After 1972 our elections look very boring. This two-party crap is a new thing for the country. It's not how the system was designed, the Ds and Rs decided to seize power and make it this way. They did that in 1988 to make sure that only they got elected.

It's not because some malign agency made it that way.

Yes it is. The malign agency is the Commission on Presidential Debates. Read the "Criticism" section of the above article. This part sounds pretty malign to me:

At a 1987 press conference announcing the commission's creation, Fahrenkopf said that the commission was not likely to include third-party candidates in debates, and Paul G. Kirk, Democratic national chairman, said he personally believed they should be excluded from the debates.

The vast majority of American electoral history is against you on this.

You have that exactly backwards. It's only the very recent history that is against 3rd parties, and it was manufactured to be this way by those in power in order for them to stay in power.

At worse, they muddy up the waters and only serve as spoilers for one of the candidates.

Considering that the country is supposed to choose between a Giant Douche and a Turd Sandwich, hopefully they spoil both candidates.

Comment Re:just one thing to say (Score 1) 610

Here's an article that has some graphics and things that show how fucked up this election cycle is:

I already knew this was true (although the last poll I saw had these people as a majority), that the major reason people are voting for either candidate is because they aren't the other one, they're voting against the other person instead of for the one they want.

The top concerns about each candidate are also pretty predictable. Trump supporters' biggest concern is his temperament, and Clinton supporters' biggest concern is her honesty.

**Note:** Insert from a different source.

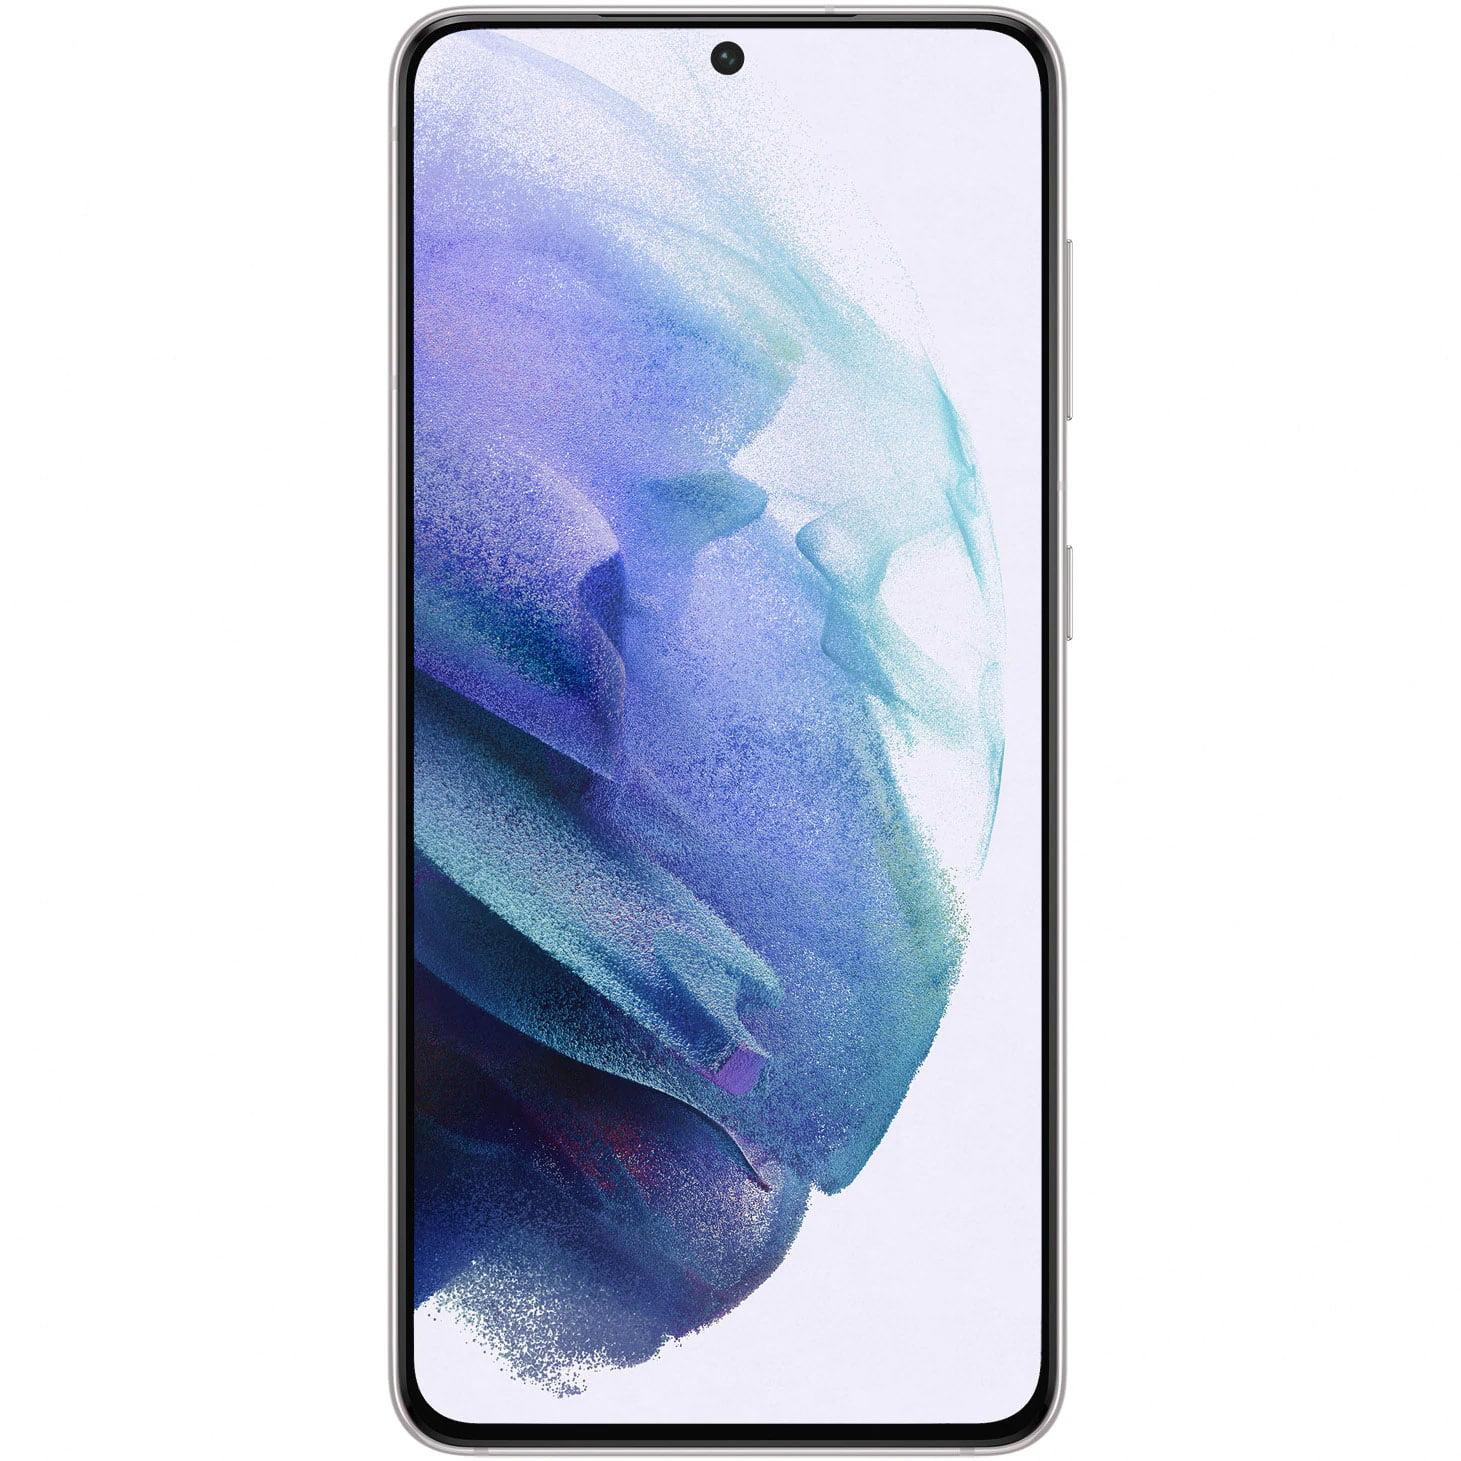 Telefon mobil Samsung Galaxy S21, Dual SIM, 256GB, 8GB RAM, 5G, Phantom White

No surprises.

I literally laughed out loud at the last graph, and then became sad that this is the way it is:

If Trump wins, 59% of respondents will be disappointed or angry.

If Clinton wins, 49% of respondents will be disappointed or angry.

Look at the other lines in that graph though - among Trump supporters and Clinton supporters both, there is a non-zero number of people who will be disappointed if their candidate wins. Among Trump supporters there is even a non-zero number of people who will be *angry* if he wins. I don't know if those results reflect upon the intelligence of the respondents and their ability to comprehend the questions, or take into account the apparent fact that some Trump supporters are angry no matter what, but it's funny. It goes the other way too, for both groups of supporters there is a non-zero number of them who will be relived or excited if the other person wins. But according to the link to the actual study, and based on my expert analysis of the pixels in the graph, both of those results are probably within the margin of error (with the possible exception of Trump supporters who will be disappointed if he wins, which I can understand).

This election is a joke. I don't hold it against you or any of my other friends who wants to vote for Clinton or Trump, but I just can't stomach either of them and I don't like it when people try to tell me that voting for another candidate (as opposed to staying home and not voting at all, for example) is either a waste of a vote or a vote for some other candidate. Just like a lot of people are voting against one of the candidates, I'm voting against both of them.